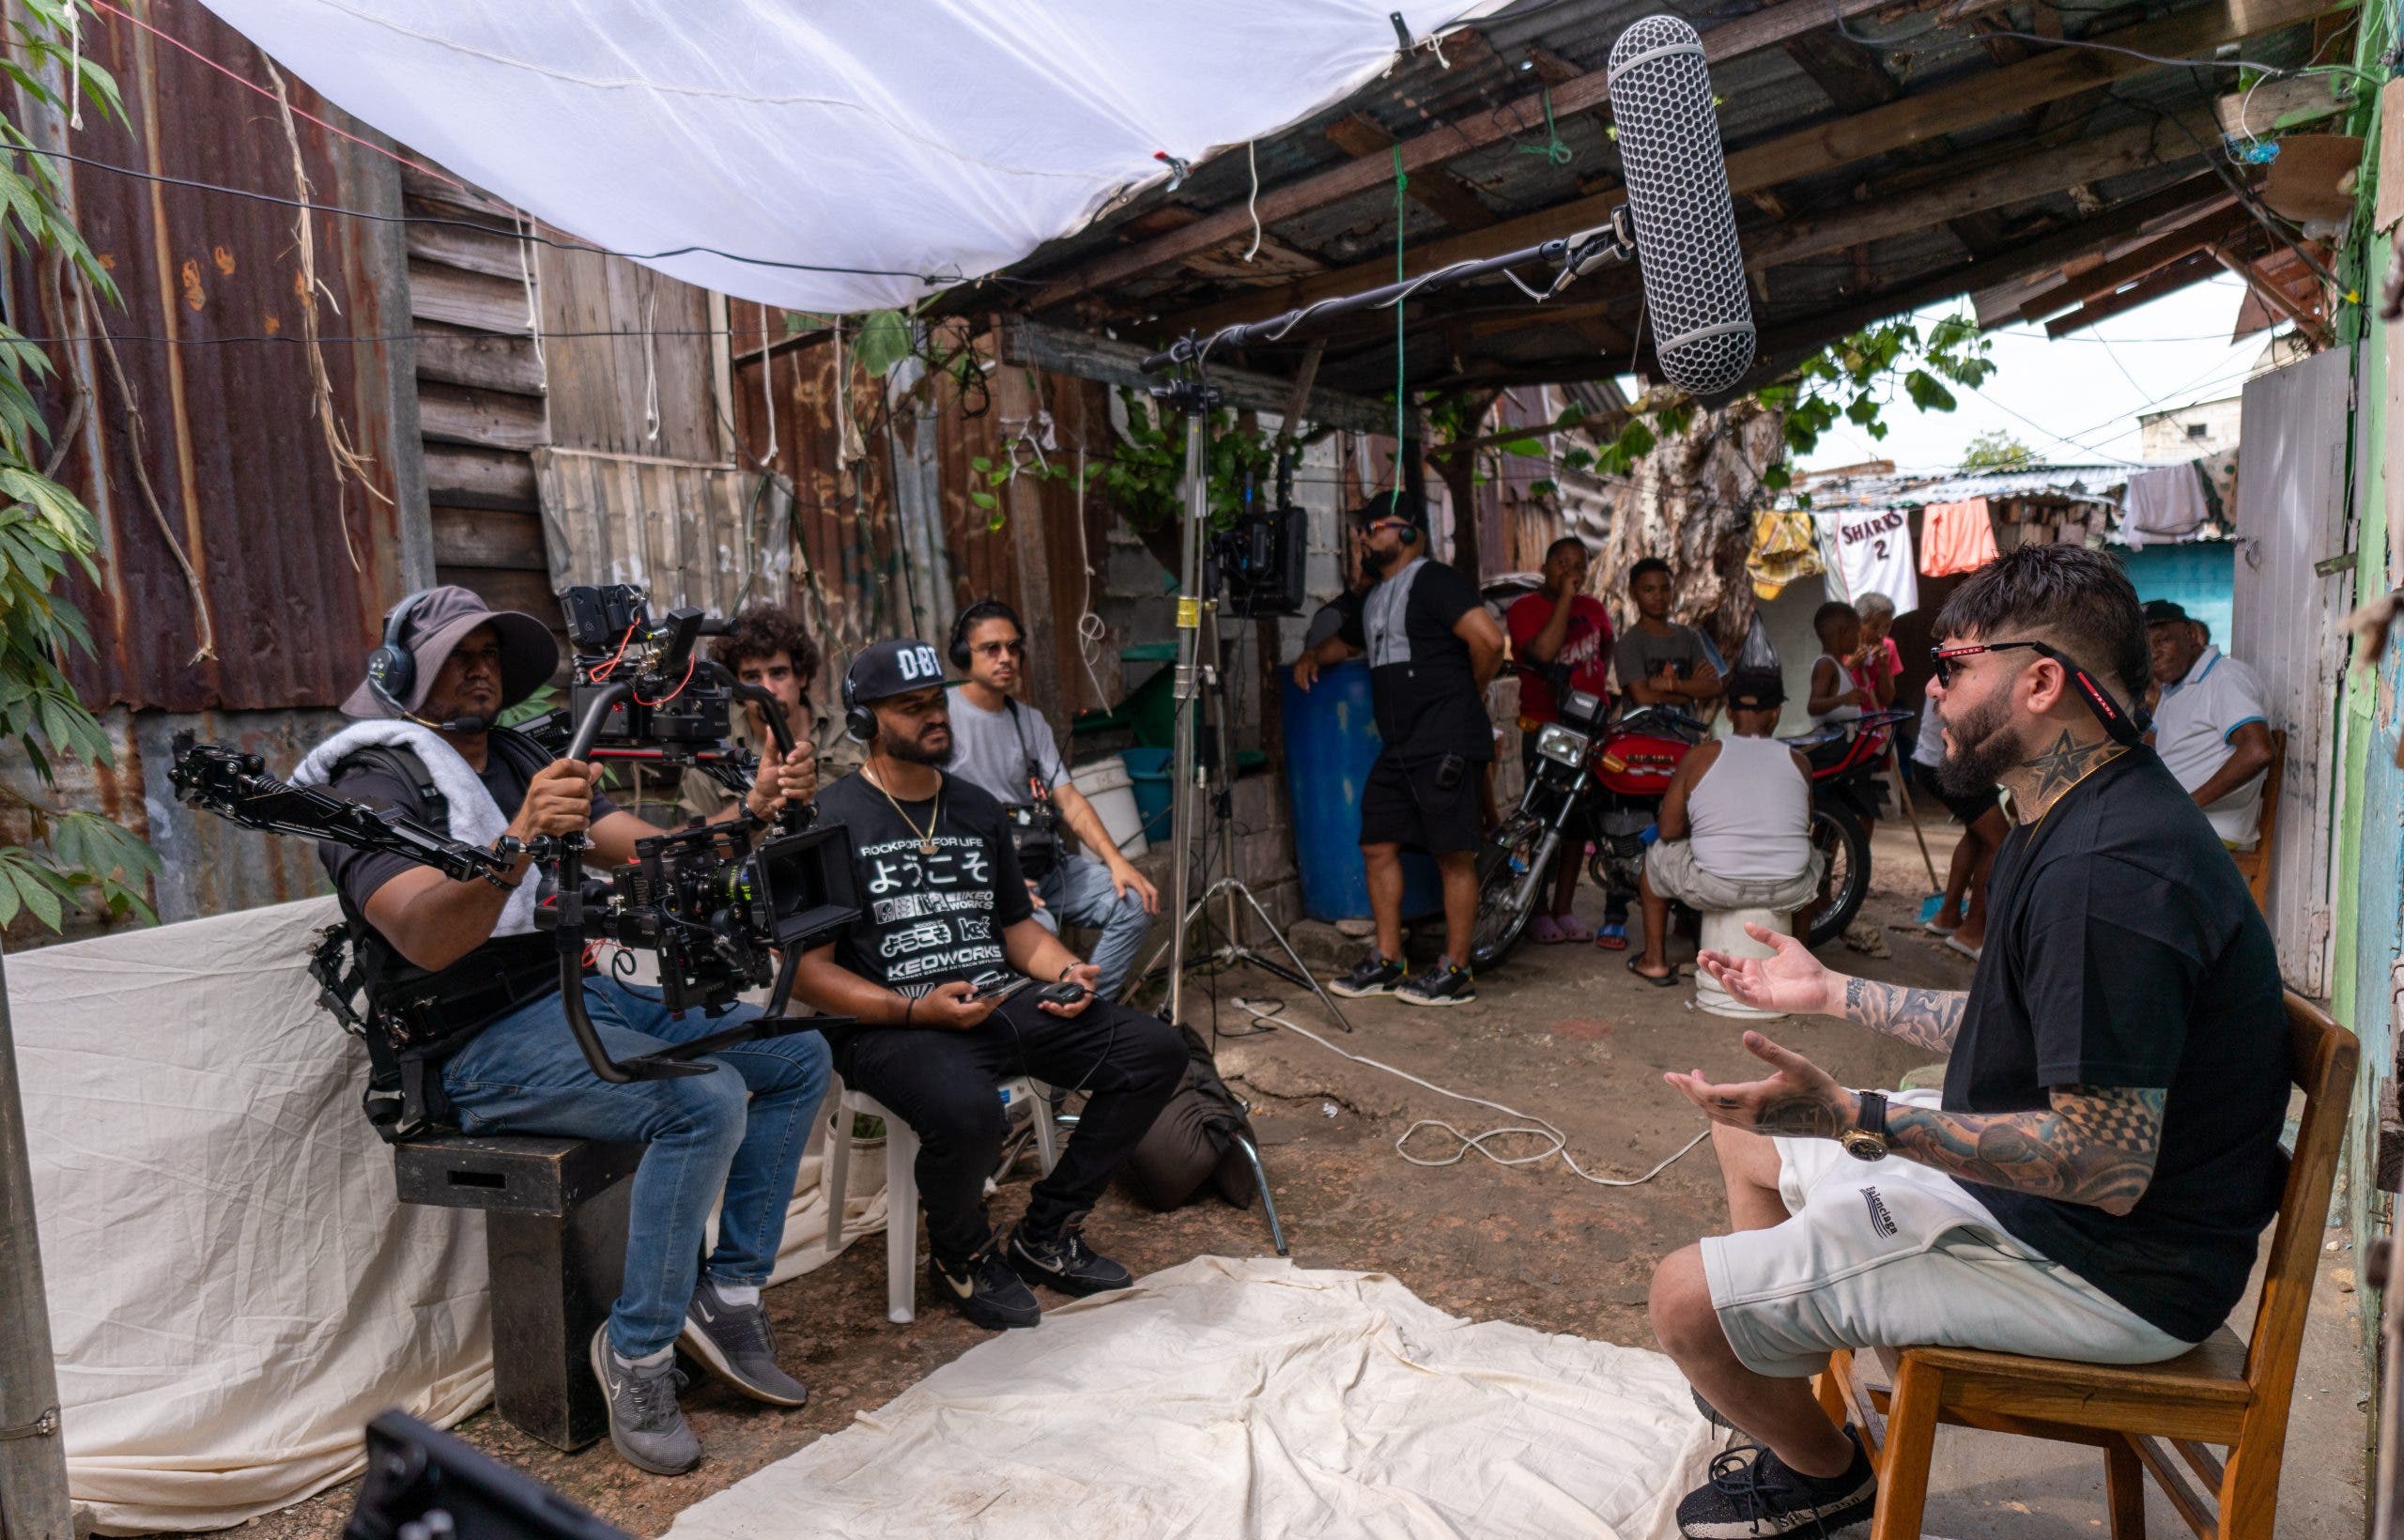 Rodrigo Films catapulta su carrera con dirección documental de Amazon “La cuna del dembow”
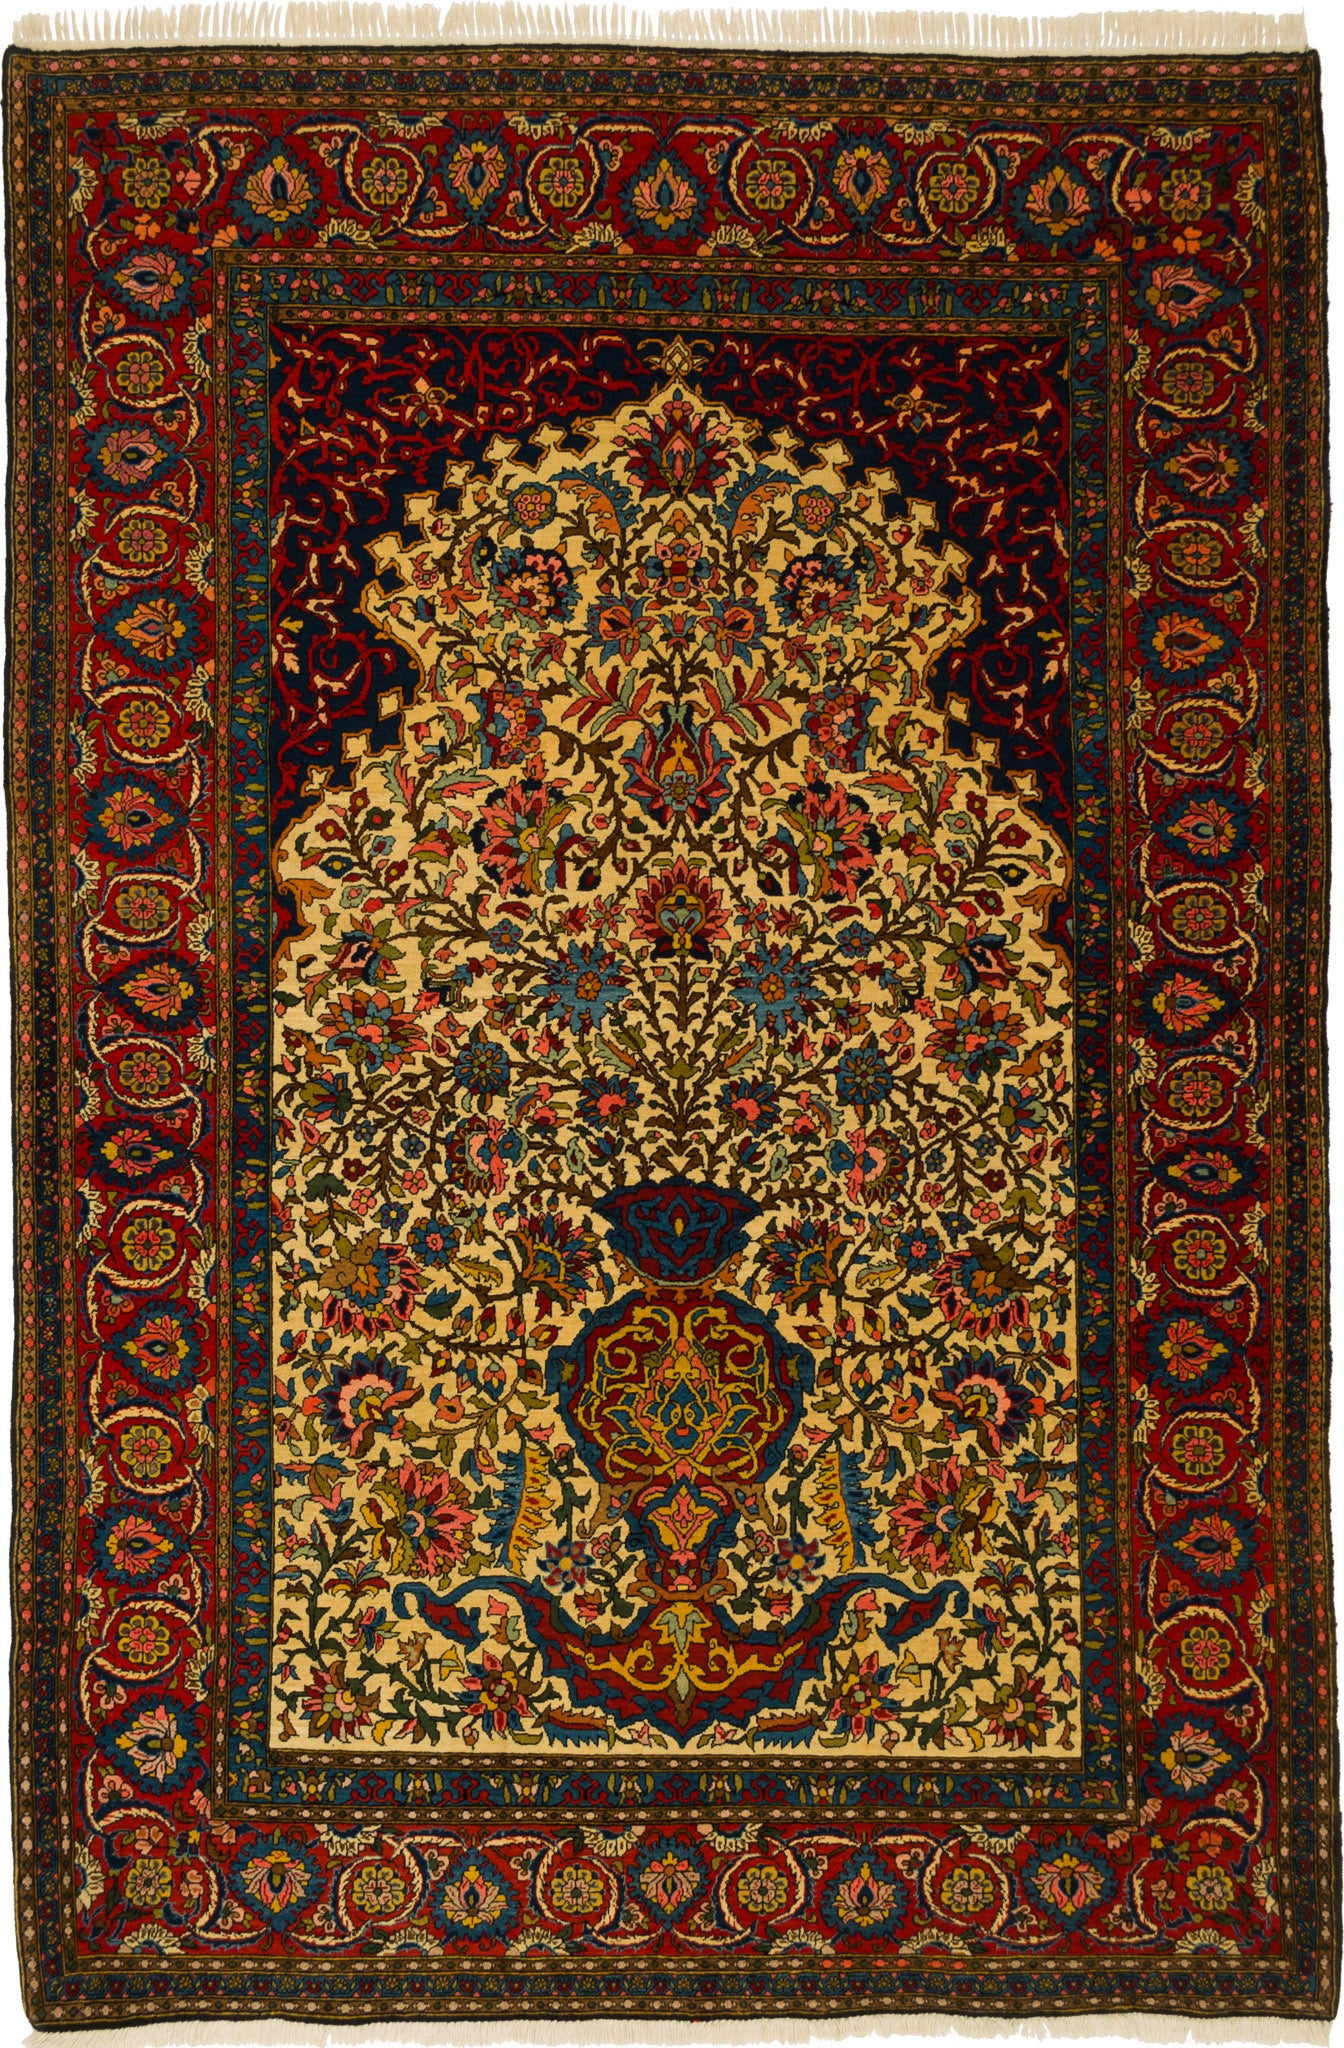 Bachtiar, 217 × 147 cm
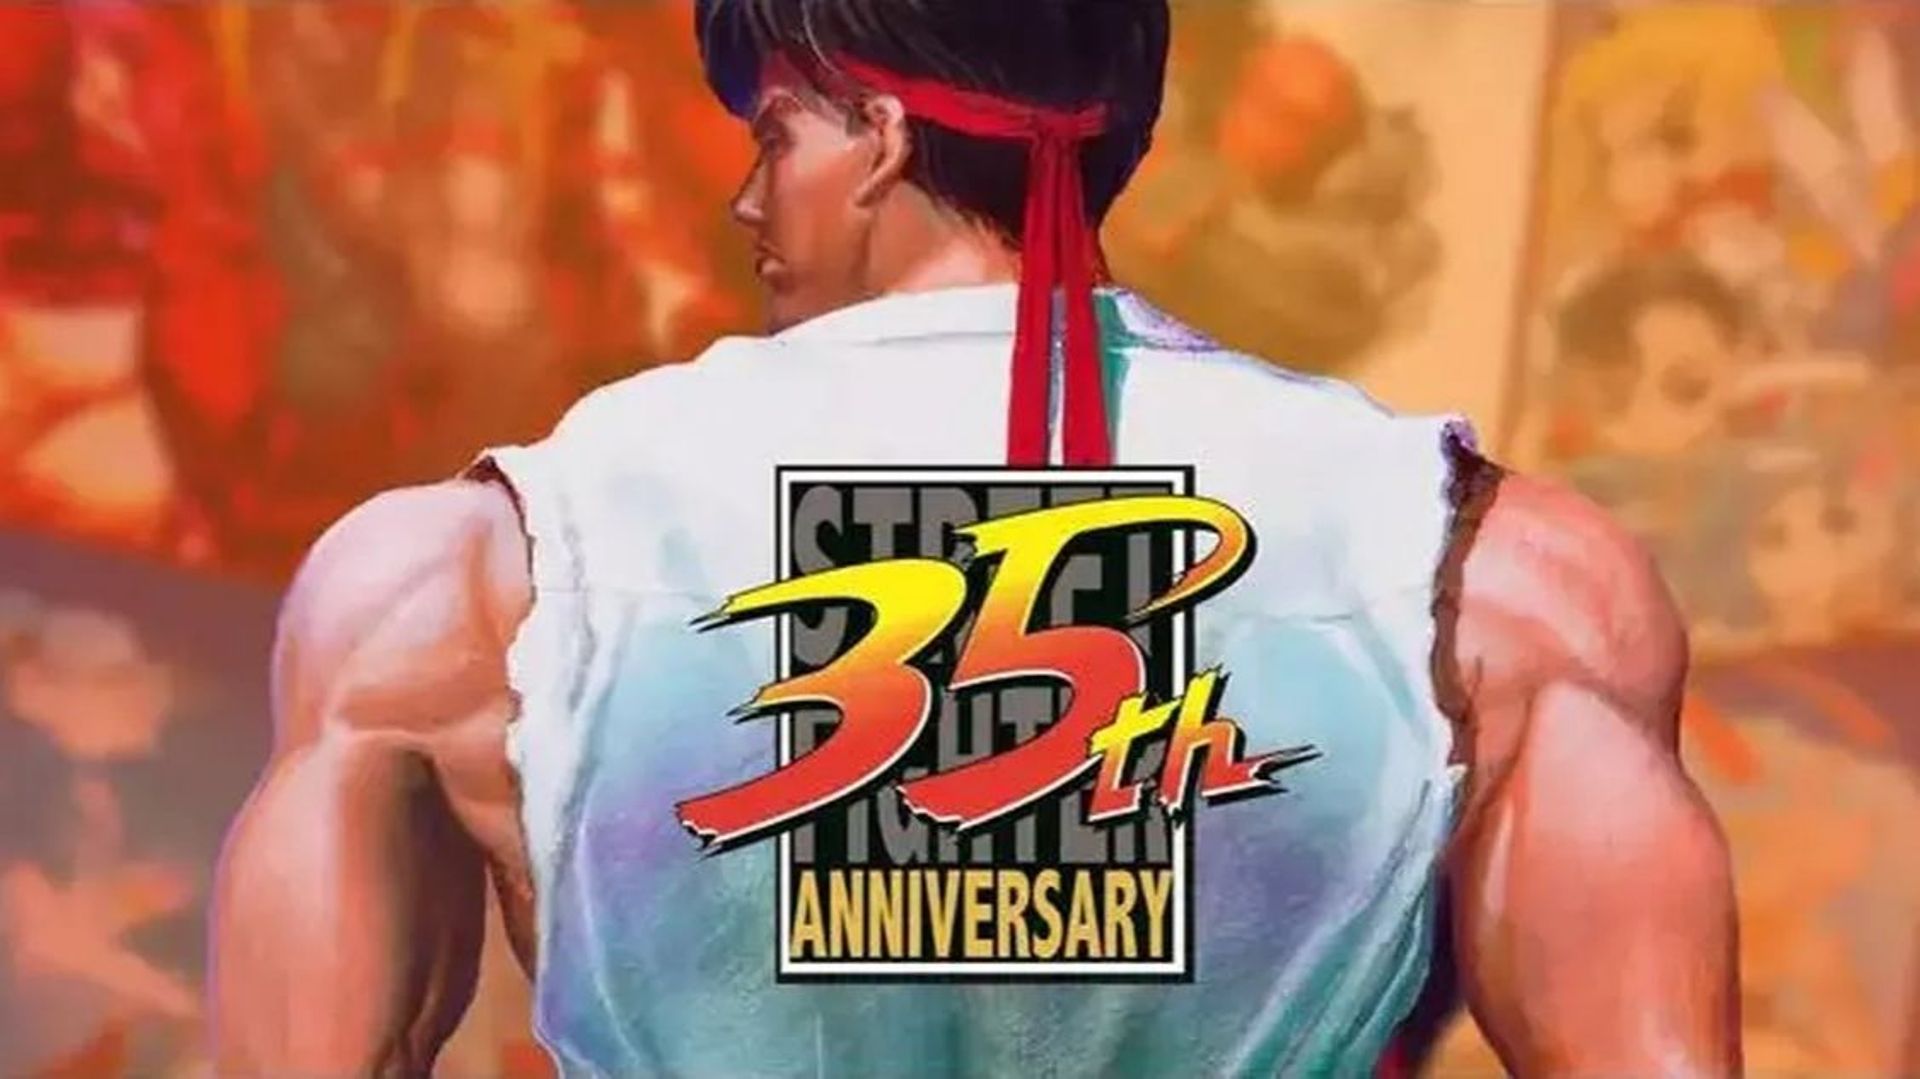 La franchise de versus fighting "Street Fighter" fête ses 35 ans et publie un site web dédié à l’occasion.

= = = = =

# [WORK INSTRUCTIONS]
Every line of the listing should be repeated exactly; no picture should appear.

# [ANSWER SPACE]
 Rodrigo Films catapulta su carrera con dirección documental de Amazon “La cuna del dembow”
 Bachtiar, 217 × 147 cm
 La franchise de versus fighting "Street Fighter" fête ses 35 ans et publie un site web dédié à l’occasion.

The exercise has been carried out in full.